Most of you know, he recently started going to public school .. after doing grades K-4 at home.  Long story why we did this ... let's just say it was time.  As a result, I'm noticing a few things.

He's no longer rule oriented.  He does what he wants.  He makes stuff up as he goes.  For example, I would ask where his math homework was and he would say, "I did it at school."  Well, I know the first few weeks are often review and I thought not much of it.  But eventually, I started getting suspicious.  Then last week, I got an email from the math teacher on the benefits of homework and how I should be doing a better job of helping him so he can master the concepts.  I was horrified and livid.  I kept my cool though and read it to him. 

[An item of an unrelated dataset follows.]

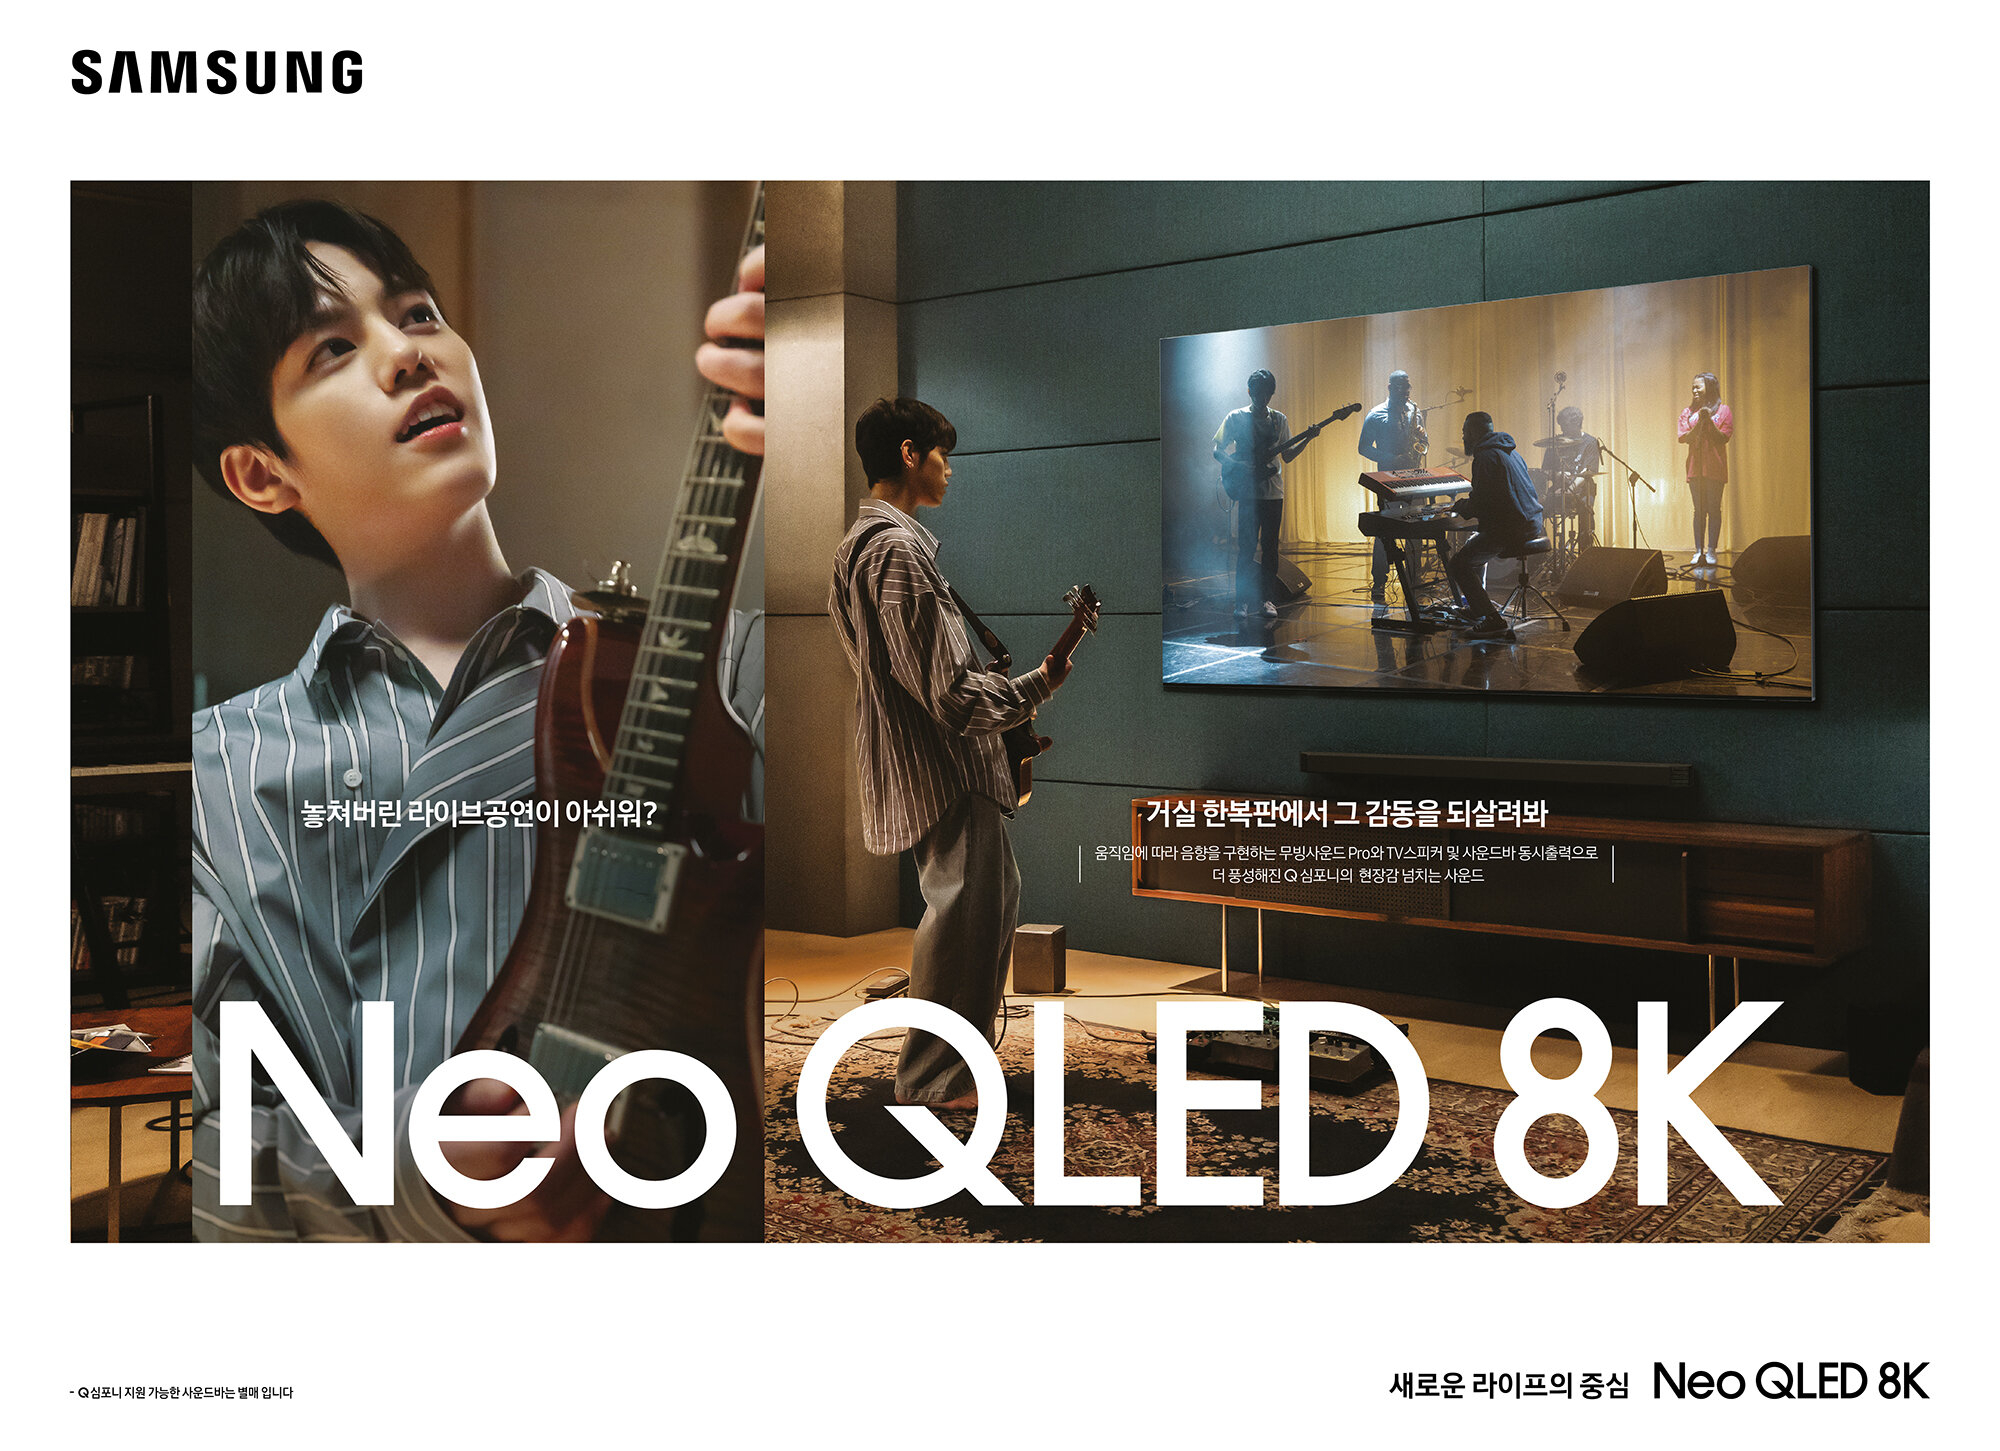 Neo QLED_layout Final-01.jpg

"What's going on?"  Eventually, he is able to tell me that he felt the homework was too hard and too long so he just didn't want to do it.  So he didn't. He thought I wouldn't notice.  He thought his teacher wouldn't notice.  I showed him how a teacher's grading book works - she knows what homework she gave out and which ones came in.  She puts the scores in her book.  "Oh." 

I made him write a letter of apology to his teacher and what he was going to do to remedy the situation.  We've been working diligently on catching up.  (And he realized it really wasn't that hard or long.)

This is something that would have NEVER occured to me that he would do.  In homeschool, I give him the work and he does it right then and there.  Sometimes with my help.  Sometimes alone.  But when he is done he turns it in to me.  But now ... we have to rely on him to bring home his homework and take it back. So now his 2 teachers and I are on the same page, working together to help make sure I know what he is supposed to be doing. We still have to rely on him as the "transporter".  Like yesterday he said he only had one page of math, nothing in him math notebook so he didn't bring it home.  I do not know if this is true or not, so I wrote a note in his book asking. 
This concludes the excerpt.